- [WORK ITEM]
Working through the data below, reproduce word for word the line with "Aozita 24 Pcs" and every line after it, both ends included, and omit the pictures.

- [RECORD EXTRACTS]
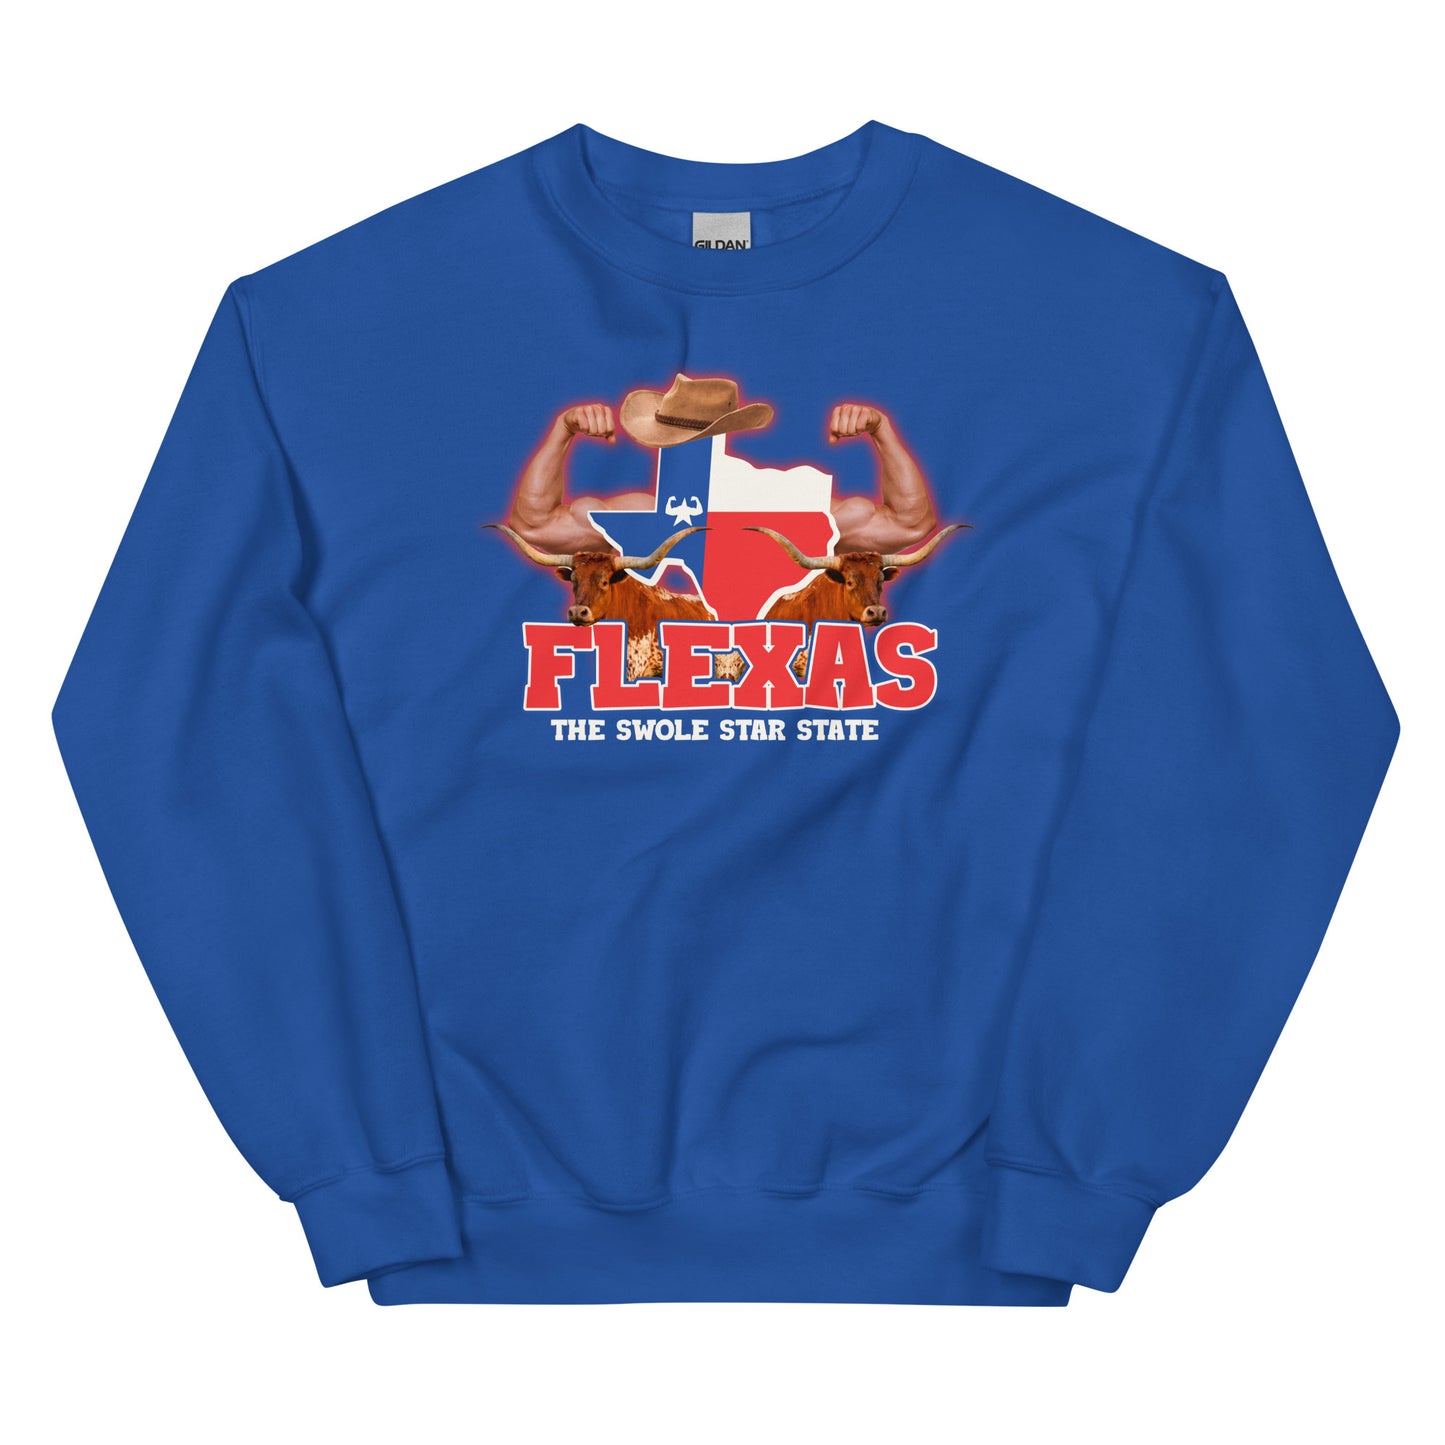 Flexas (The Swole Star State) Unisex Sweatshirt
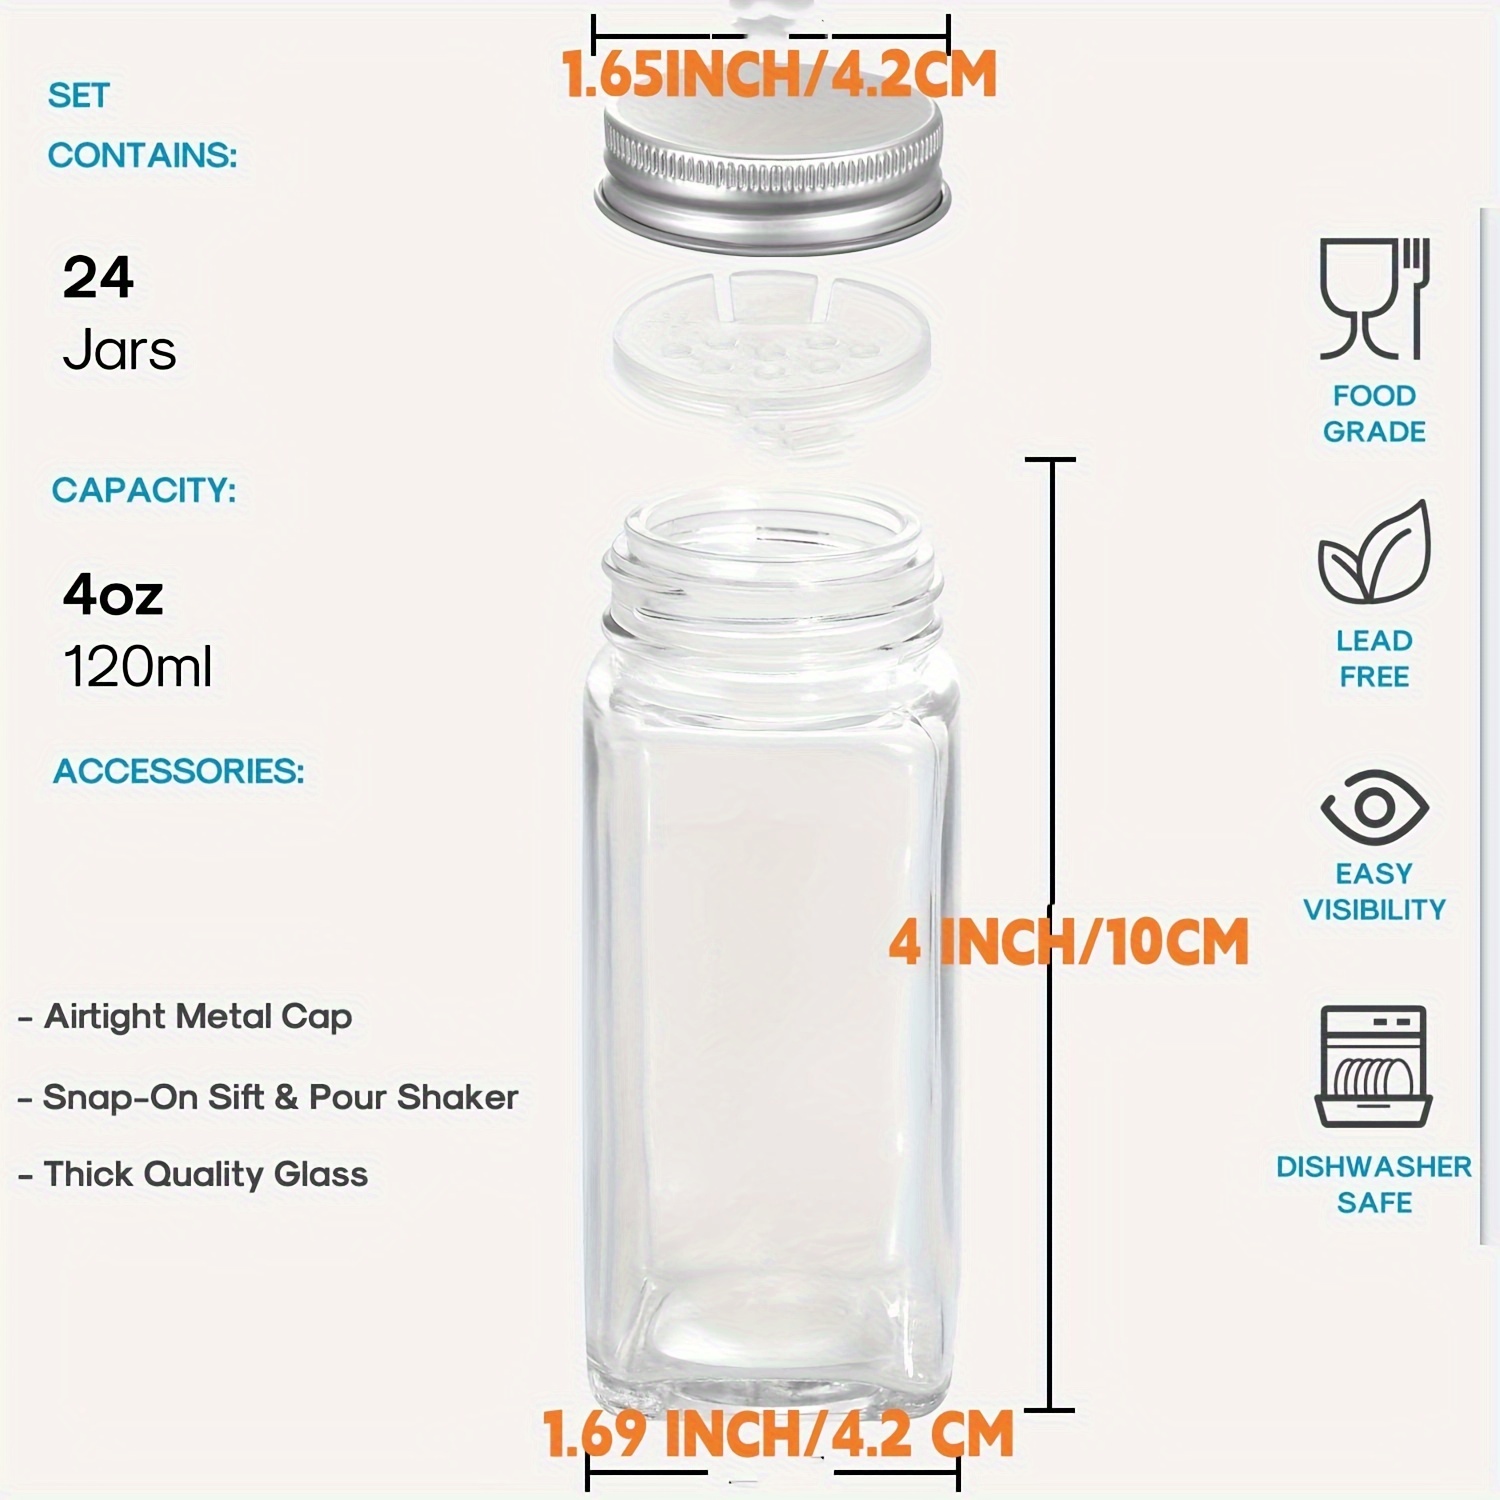 Aozita 24 Pcs Glass Spice Jars/Bottles - 4oz Empty Square Spice
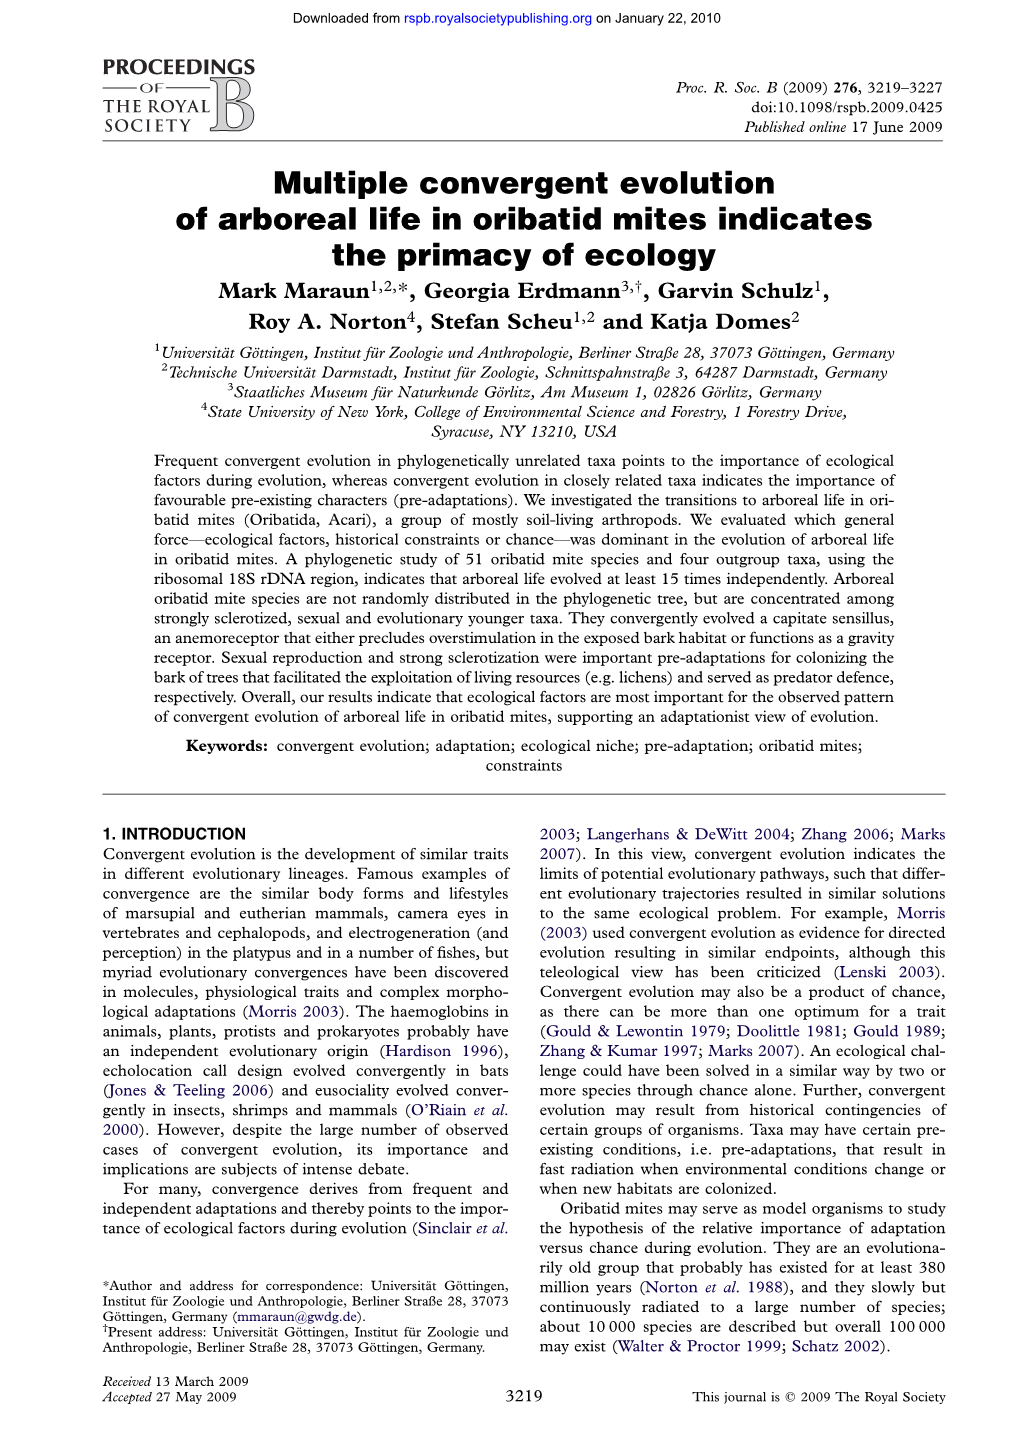 Multiple Convergent Evolution of Arboreal Life in Oribatid Mites Indicates the Primacy of Ecology Mark Maraun1,2,*, Georgia Erdmann3,†, Garvin Schulz1, Roy A
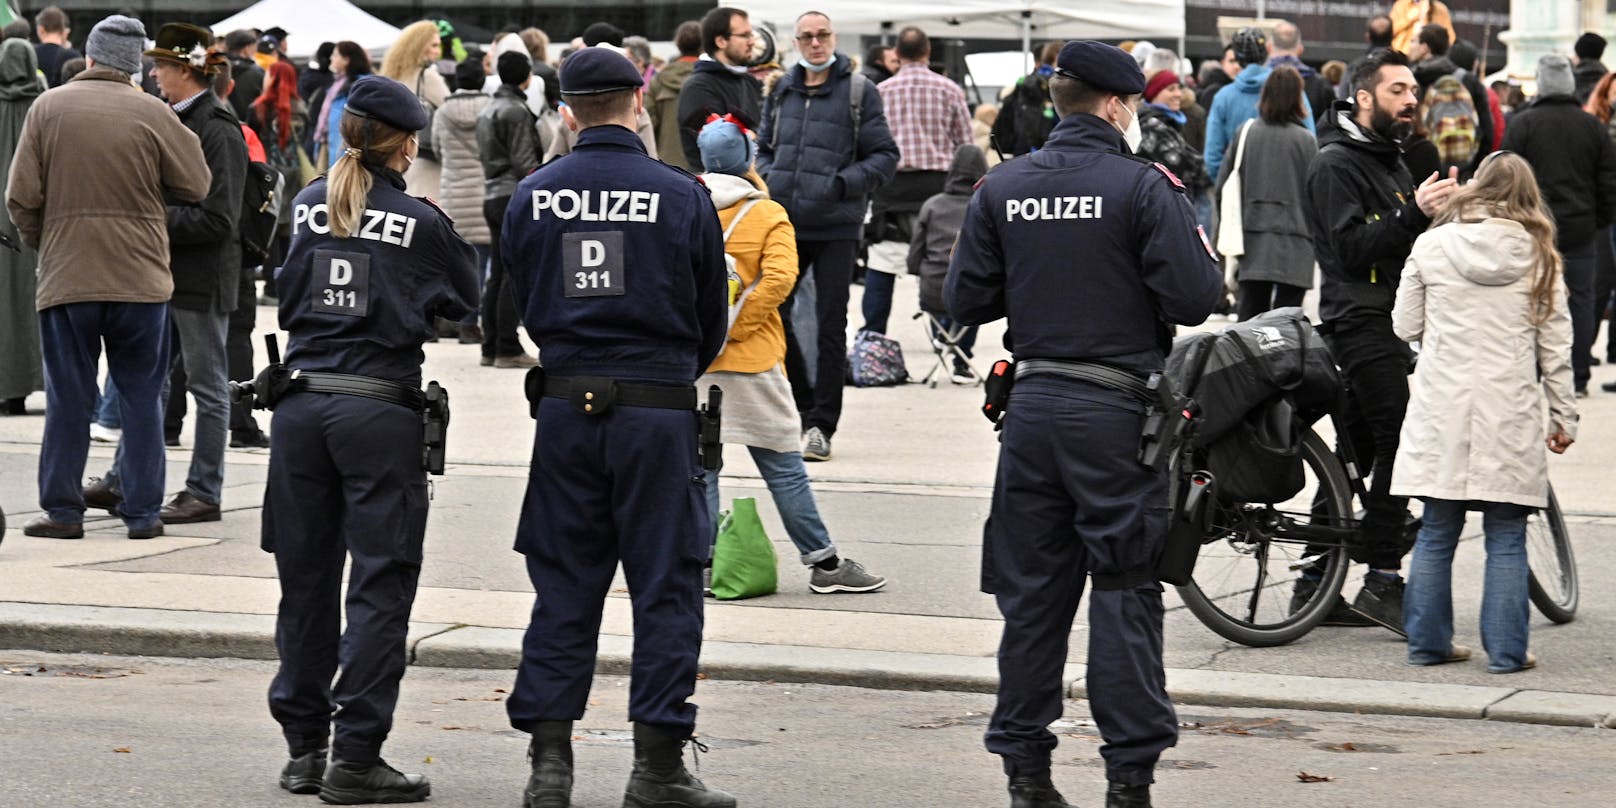 Die geplante Demo in Wien wurde untersagt.
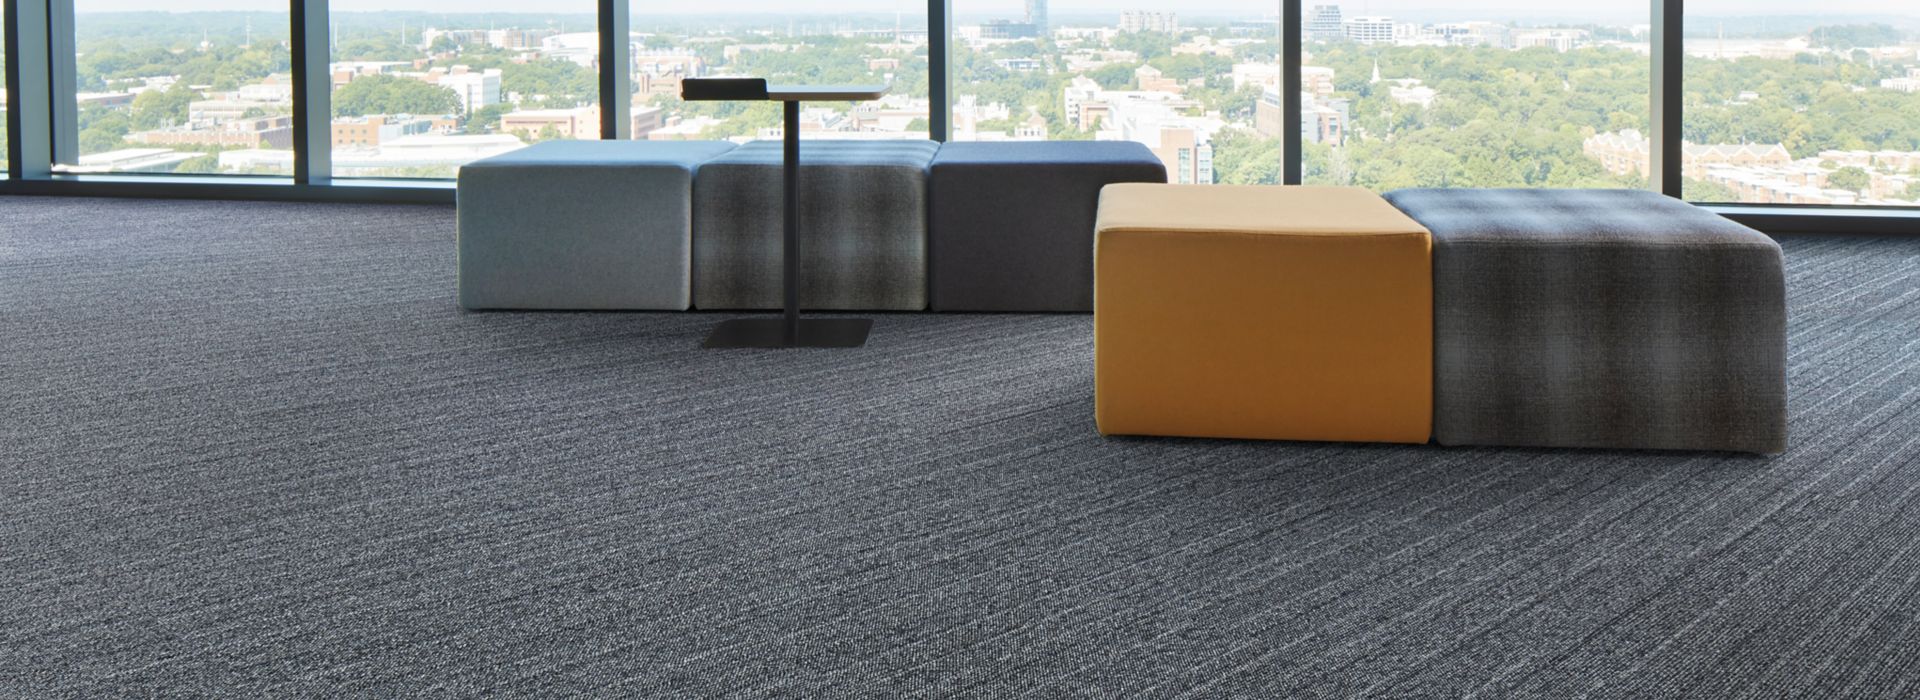 Interface WW860 carpet tile in modern open air lobby

- [RESPONSE BELOW]
 Aozita 24 Pcs Glass Spice Jars/Bottles - 4oz Empty Square Spice
 Multiple Convergent Evolution of Arboreal Life in Oribatid Mites Indicates the Primacy of Ecology Mark Maraun1,2,*, Georgia Erdmann3,†, Garvin Schulz1, Roy A
 Die geplante Demo in Wien wurde untersagt.
 Interface WW860 carpet tile in modern open air lobby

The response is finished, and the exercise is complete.